- _Required action_
Give back only the lines in the records below from the one with "CHICAGO MARATHON ;" to the one with "Photo of Fairfield", both inclusive, word for word.

(Stored entries)

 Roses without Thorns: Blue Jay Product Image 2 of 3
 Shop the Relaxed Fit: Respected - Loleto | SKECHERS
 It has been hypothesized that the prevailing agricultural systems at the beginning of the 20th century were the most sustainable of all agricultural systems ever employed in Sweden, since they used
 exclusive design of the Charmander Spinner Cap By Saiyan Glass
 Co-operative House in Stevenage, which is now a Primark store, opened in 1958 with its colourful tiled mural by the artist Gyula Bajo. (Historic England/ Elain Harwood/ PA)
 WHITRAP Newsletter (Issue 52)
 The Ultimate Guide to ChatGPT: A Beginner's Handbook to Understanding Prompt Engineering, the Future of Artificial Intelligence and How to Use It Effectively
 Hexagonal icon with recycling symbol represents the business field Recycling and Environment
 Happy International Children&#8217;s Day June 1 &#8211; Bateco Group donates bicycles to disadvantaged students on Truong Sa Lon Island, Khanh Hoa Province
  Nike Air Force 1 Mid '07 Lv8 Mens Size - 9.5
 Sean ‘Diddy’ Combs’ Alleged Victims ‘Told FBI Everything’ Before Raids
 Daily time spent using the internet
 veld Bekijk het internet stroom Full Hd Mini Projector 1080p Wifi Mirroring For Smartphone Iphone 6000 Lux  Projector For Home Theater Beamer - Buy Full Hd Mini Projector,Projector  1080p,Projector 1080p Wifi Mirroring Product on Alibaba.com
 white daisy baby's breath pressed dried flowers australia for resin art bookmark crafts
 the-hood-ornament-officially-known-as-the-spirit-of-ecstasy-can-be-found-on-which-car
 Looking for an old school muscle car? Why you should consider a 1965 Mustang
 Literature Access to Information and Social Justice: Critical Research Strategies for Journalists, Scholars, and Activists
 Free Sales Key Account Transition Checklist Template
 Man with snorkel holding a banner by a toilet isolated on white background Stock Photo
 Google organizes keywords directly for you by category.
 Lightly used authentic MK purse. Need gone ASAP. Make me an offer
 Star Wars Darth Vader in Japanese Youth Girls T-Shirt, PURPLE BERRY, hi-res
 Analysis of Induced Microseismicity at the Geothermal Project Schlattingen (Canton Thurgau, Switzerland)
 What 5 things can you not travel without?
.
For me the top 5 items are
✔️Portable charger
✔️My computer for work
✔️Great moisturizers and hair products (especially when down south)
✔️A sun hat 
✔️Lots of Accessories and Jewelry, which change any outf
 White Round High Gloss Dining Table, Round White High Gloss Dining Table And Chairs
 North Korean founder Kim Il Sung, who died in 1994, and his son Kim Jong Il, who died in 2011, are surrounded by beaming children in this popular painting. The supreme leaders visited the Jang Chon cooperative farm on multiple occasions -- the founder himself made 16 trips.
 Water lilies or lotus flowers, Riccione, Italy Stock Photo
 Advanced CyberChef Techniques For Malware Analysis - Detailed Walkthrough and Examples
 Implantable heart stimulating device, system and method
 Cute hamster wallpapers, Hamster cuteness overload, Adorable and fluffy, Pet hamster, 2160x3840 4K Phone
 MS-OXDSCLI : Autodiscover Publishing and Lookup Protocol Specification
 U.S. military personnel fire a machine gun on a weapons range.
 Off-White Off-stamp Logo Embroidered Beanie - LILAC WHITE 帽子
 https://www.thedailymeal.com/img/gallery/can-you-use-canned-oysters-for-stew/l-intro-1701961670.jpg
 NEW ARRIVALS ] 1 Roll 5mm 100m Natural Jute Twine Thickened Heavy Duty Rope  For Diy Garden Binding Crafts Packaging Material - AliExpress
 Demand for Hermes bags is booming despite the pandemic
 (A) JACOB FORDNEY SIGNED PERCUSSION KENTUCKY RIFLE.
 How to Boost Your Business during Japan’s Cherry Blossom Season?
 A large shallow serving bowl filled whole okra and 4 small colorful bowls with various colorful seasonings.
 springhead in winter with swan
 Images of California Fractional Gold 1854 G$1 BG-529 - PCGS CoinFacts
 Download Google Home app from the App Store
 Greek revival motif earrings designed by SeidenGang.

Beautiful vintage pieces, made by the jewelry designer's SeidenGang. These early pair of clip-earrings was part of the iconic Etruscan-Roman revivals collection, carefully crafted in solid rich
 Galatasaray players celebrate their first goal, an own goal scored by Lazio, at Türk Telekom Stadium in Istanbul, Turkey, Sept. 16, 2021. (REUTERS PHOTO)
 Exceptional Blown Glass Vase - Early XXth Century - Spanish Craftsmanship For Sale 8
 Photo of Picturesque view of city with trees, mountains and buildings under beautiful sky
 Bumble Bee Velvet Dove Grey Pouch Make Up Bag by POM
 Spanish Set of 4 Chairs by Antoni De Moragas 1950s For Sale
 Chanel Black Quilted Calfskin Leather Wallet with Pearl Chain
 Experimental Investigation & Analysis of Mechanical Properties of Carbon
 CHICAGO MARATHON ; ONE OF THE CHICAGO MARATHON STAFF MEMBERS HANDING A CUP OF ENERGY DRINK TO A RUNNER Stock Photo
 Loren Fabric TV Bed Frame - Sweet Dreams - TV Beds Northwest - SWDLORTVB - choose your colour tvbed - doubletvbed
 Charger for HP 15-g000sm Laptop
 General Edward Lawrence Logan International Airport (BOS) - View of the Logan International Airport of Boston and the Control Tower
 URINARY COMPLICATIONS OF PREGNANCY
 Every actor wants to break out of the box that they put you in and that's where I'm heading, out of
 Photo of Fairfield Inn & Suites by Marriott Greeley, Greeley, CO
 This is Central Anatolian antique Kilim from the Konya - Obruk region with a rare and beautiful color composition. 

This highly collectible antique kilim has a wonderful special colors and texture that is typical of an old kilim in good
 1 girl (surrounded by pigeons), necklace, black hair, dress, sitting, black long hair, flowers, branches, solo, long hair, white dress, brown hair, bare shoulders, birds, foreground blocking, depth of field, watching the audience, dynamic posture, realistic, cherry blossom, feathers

- _Final answer_
 CHICAGO MARATHON ; ONE OF THE CHICAGO MARATHON STAFF MEMBERS HANDING A CUP OF ENERGY DRINK TO A RUNNER Stock Photo
 Loren Fabric TV Bed Frame - Sweet Dreams - TV Beds Northwest - SWDLORTVB - choose your colour tvbed - doubletvbed
 Charger for HP 15-g000sm Laptop
 General Edward Lawrence Logan International Airport (BOS) - View of the Logan International Airport of Boston and the Control Tower
 URINARY COMPLICATIONS OF PREGNANCY
 Every actor wants to break out of the box that they put you in and that's where I'm heading, out of
 Photo of Fairfield Inn & Suites by Marriott Greeley, Greeley, CO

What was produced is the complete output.